- **Data**
= = = =
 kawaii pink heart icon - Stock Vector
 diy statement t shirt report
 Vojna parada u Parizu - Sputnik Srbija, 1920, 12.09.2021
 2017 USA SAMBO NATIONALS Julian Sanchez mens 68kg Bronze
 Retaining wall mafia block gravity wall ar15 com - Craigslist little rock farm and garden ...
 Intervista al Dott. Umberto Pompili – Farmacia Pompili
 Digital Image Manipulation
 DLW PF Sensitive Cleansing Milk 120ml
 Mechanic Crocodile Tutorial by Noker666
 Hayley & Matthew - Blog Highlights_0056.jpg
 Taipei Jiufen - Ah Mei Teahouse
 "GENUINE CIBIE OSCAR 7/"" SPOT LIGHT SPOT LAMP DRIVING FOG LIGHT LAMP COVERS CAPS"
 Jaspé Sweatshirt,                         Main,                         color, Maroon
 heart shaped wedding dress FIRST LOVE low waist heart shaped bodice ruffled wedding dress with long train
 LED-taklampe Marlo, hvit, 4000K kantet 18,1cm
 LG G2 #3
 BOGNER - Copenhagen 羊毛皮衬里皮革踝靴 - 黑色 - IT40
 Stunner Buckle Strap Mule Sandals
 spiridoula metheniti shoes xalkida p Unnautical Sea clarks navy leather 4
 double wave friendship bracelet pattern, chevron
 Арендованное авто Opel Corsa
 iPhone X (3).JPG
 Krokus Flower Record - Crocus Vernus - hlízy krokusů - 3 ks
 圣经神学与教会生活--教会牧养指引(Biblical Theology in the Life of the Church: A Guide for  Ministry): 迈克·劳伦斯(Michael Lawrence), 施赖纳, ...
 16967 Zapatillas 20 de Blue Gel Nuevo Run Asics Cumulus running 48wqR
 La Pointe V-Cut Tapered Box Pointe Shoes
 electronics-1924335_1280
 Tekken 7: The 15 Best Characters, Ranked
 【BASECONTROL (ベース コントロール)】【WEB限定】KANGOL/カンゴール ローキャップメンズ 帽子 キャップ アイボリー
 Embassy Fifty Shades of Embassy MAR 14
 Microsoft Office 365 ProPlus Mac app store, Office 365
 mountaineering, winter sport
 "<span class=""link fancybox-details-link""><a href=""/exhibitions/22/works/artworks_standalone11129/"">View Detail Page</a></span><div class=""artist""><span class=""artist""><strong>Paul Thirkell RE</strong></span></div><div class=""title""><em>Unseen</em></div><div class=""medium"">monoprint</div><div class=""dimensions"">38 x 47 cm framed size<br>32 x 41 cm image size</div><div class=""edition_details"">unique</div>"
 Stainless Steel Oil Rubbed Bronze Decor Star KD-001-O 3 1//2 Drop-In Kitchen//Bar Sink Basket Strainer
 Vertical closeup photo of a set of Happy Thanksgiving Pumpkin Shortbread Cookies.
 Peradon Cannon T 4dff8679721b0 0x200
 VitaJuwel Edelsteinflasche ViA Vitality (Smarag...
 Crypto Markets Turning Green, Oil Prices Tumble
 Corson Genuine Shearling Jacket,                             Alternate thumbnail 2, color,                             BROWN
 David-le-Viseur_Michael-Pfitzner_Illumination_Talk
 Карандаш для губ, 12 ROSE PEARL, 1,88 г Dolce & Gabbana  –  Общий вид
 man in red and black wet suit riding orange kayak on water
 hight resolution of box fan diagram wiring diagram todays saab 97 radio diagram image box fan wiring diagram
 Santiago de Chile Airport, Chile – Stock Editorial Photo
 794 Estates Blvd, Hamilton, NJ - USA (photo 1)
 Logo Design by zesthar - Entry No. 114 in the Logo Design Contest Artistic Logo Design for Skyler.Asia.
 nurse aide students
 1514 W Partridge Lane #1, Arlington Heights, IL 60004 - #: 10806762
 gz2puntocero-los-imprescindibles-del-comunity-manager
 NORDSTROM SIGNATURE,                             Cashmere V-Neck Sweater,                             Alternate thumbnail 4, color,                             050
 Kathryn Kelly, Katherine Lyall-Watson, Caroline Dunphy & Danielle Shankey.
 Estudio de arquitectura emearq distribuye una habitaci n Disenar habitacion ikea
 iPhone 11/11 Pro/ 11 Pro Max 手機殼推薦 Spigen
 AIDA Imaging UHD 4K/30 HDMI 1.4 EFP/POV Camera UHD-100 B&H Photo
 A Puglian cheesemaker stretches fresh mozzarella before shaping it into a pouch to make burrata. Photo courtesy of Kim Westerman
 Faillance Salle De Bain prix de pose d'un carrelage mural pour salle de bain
= = = =
- **Task goal**
The reply should consist of one number: how many lines of the material contain the word "color".

- **Exercise output**
3